Updated

The mother who lost both her teenage son and her father in the shootings at a Jewish community center near Kansas City said Monday she was relying on her faith to get through the losses.

“People keep saying, ‘How come you’re so strong?” Mindy Corporon told a press conference. “I’m strong because I have family and I have faith. I know that God did not do this.”

Corporon's 14-year-old son, Reat Griffin Underwood, and father, Dr. William Lewis Corporon, were among the three victims of Sunday's fatal shootings, allegedly by a 73-year-old Missouri man with a history of racist and anti-Semitic activity. The third victim was killed at a nearby Jewish retirement community.

Corporon also recalled how she pulled up to the Jewish community center moments after the shooting and discovered their deaths.

“When I pulled into the parking lot I saw that my dad’s truck was there and the doors were open. I wondered why my dad wasn’t just standing there,” she said. “As I pulled up, I saw that he was lying on the ground and my first thought was that he had a heart attack. He was just lying there.”

She said that soon after, she realized it was much worse.

“But it was very quickly that I realized that it wasn’t that and that my dad was in Heaven within seconds.”

Corporan added that she then ran over to a track, where she saw her son lying on the ground, as two men bent over him.

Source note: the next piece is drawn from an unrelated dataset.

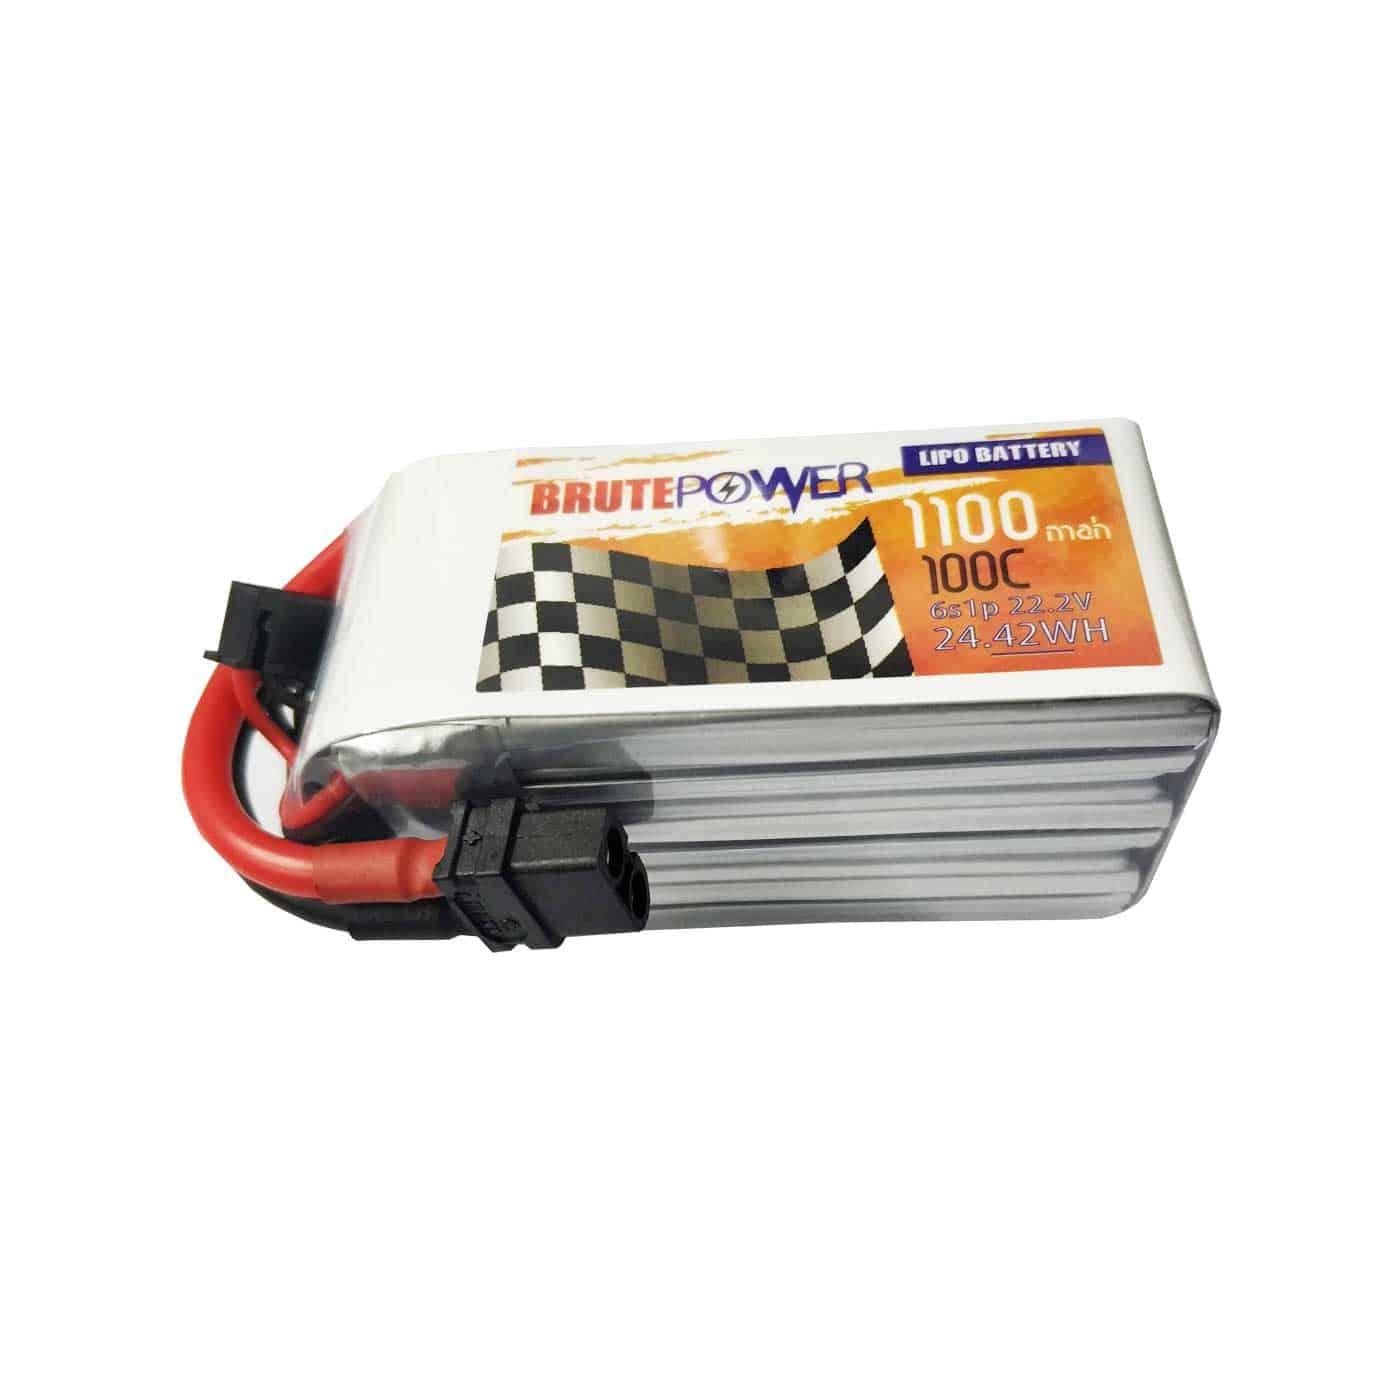 Batería Lipo Brutepower 6s 1100mah 100C

“They were holding him and I did not see him [Reat]. Just that he looked lifeless,” she said. “Someone named Mickey pulled me away and then I went into the Jewish community center and I saw the bullet holes in the glass and then it started to dawn on me what had happened.”

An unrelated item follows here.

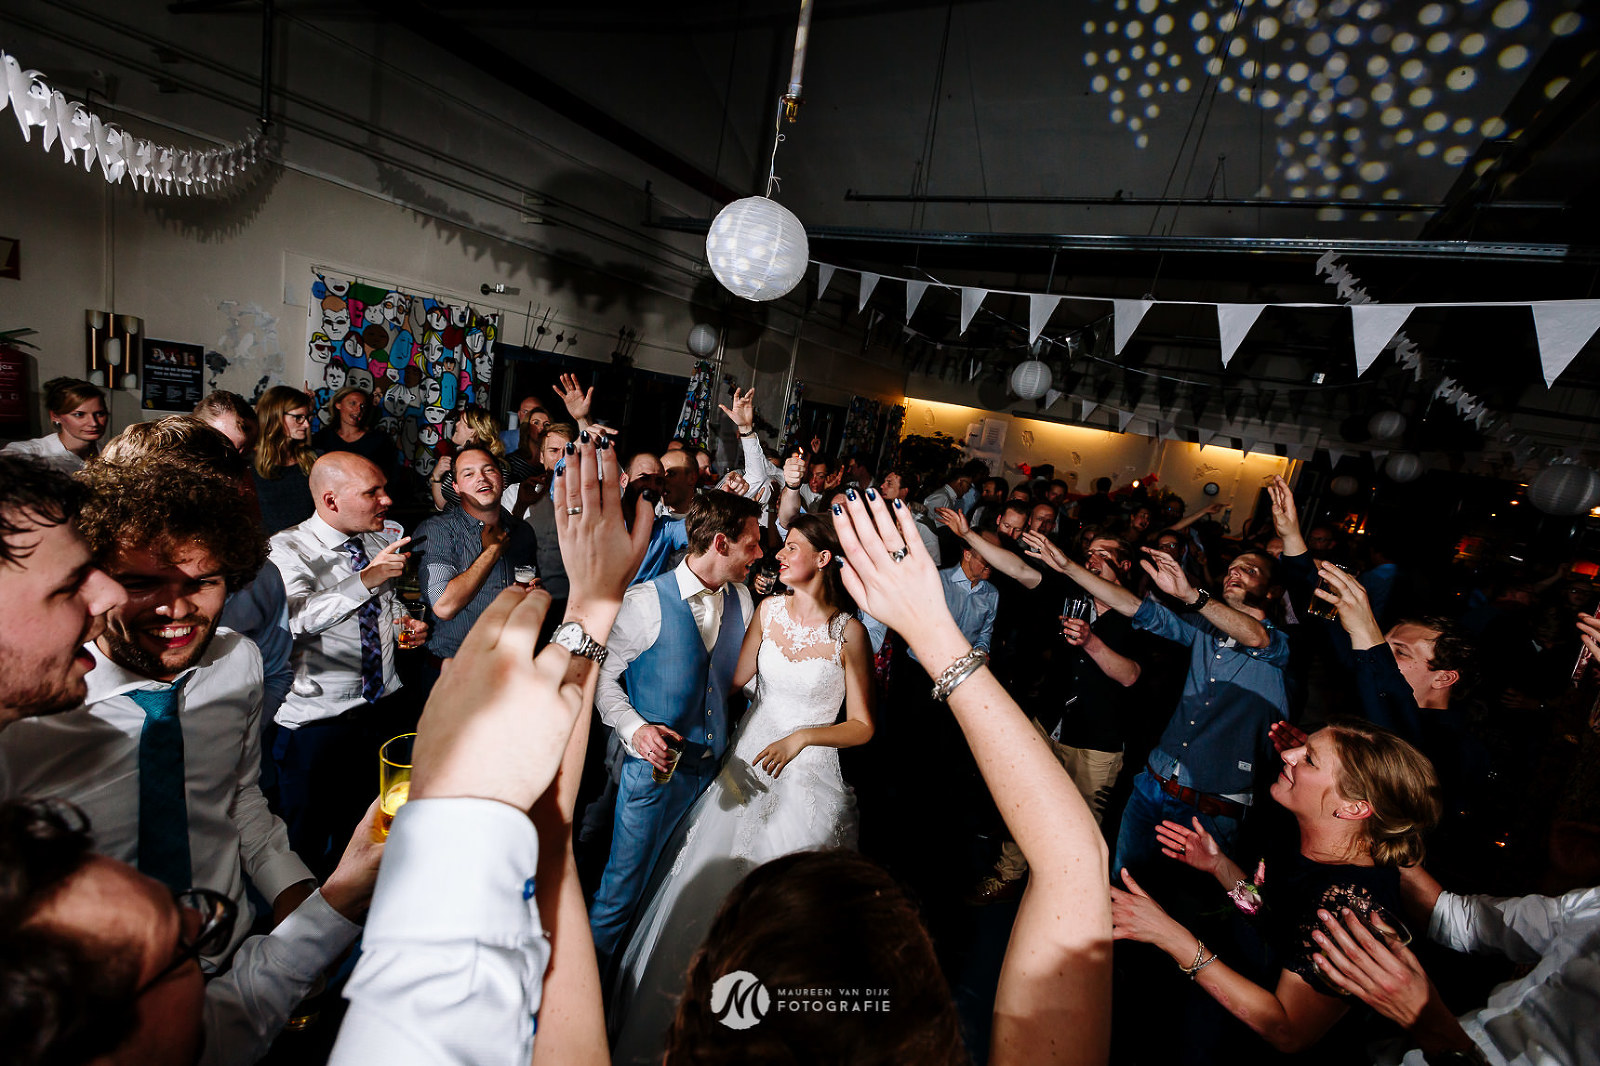 Huwelijksfeest, Stadslab Indië Almelo, Bruidsfotograaf Twente

Authorities are investigating the shootings as a hate crime.

A Johnson County (Kan.) jail official told the Associated Press that authorities had identified the suspect in the shooting in Overland Park as Frazier Glenn Cross, aka Frazier Glenn Miller.

The Kansas City Star reported that Miller was booked into the Johnson County jail on suspicion of premeditated first-degree murder Sunday evening, but had not been formally charged. Authorities say they expect to have more information available on possible charges Tuesday.

A dispatcher with the Lawrence County Sheriff's Department told the Star Sunday that local authorities were working with Johnson County authorities and the FBI.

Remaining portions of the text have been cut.